After the whole hoopla, Instagram sent me a silly excuse of an apology via email almost two weeks after the post was removed. Their explanation? It was a mistake by a staff member. I call bullshit. You cannot make so many "mistakes" for so many plus size folks online -- I see through that pathetic apology.
Fighting it out
So now that the mayhem has come to a simmer, I decided to celebrate myself in the much talked about swimsuit. I know this will sound strange but the passing of Muhammad Ali jolted me back to reality. I was in a fog of gloom and anger for a few weeks, feeling despondent despite my best efforts. When I learnt of his demise, I remembered how much I loved and respected his work ethic and never say die persona. He was the epitome of confidence, bluntness and sure he was problematic (name one famous person who isn't) but he taught me to be fearless.
Allow me to share this Instagram caption:
"I know, a lot of people will share condolences and a lot of people will heap on the bad things he [Muhammad Ali] did. All of our heroes, sheroes have been problematic in one or way or another.
This might come as a shocker to you but let me break it down this way: My life is divided into two. There is the pre-injuries life and the post-injuries life. Pre-injury Aarti could run for miles. She could box, she could kick some serious butt in the gym.
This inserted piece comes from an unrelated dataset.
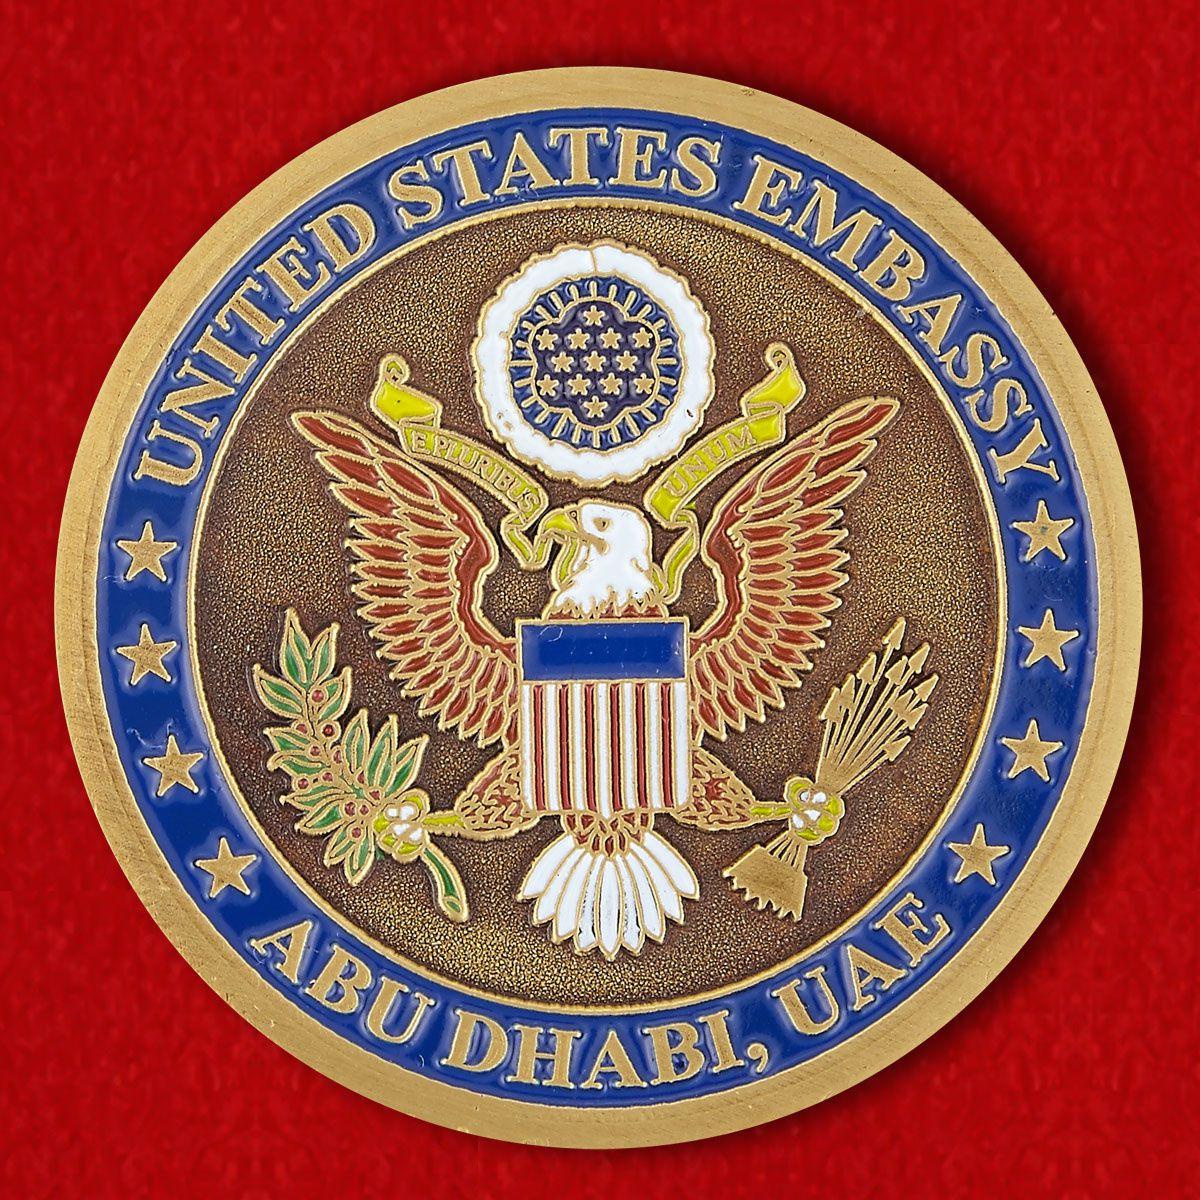 Челлендж коин Посольства США в Абу-Даби

She once debated being a sports psychologist or a fitness psych professional.
Pre-injury Aarti held Muhammad Ali on a pedestal. He was her way out of the anger she carried. His confidence made her believe she could be the best in life's boxing ring. Whatever she put her mind to, she would achieve.
Post-injury Aarti is a different person. She reminisces, sometimes finds herself dreaming about her legs taking off as fast as the wind can feeling the blast of air on her face only to wake up and know that It is not a possibility anymore.
But Ali told himself as he grew older and had immense struggle with Parkinson's: That's okay. I'm still a champion. I still rule.
As he will now that he has departed.
And this has reminded me of something I have forgotten along the way: I may be bruised, battered, injured. But I am only as defeated as my mind tells me.
It is time to become undefeated once again. Thank you for the reminder CC."
The truth was, despite my anger and outrage, I had gone into hiding. I did not step out of home for almost three weeks. The Instagram incident was preceded by a body shaming encounter at a relative's place just a weekend before. I was so, so tired of the body politics I am surrounded by -- as if my body is public property and deciding how I look is not up to me. I spent that morning at my aunt's place having my tummy stared at blatantly. My aunt passed me a box of Indian sweets with the following sagely advice: "You don't eat it okay? Let the hubster eat it. You just smell it if you want."
Now even if that was said in jest: it was not funny. Also, I had my share of hate after my cultural appropriation article for Wear Your Voice was shared by Everyday Feminism. You recall my series of asthma attacks, yes? Imagine this: me holding an oxygen mask to my face while tears ran down my face as I read hurtful harassing Twitter comments aimed at me for remind White people to respect my culture, not use it as a costume or fashion fad. So yeah, the first half of 2016 has been quite eventful. But I am not going to let this cramp my existence. Which is why I decided to indulge in a blog shoot with the much talked about body of mine in that swimsuit.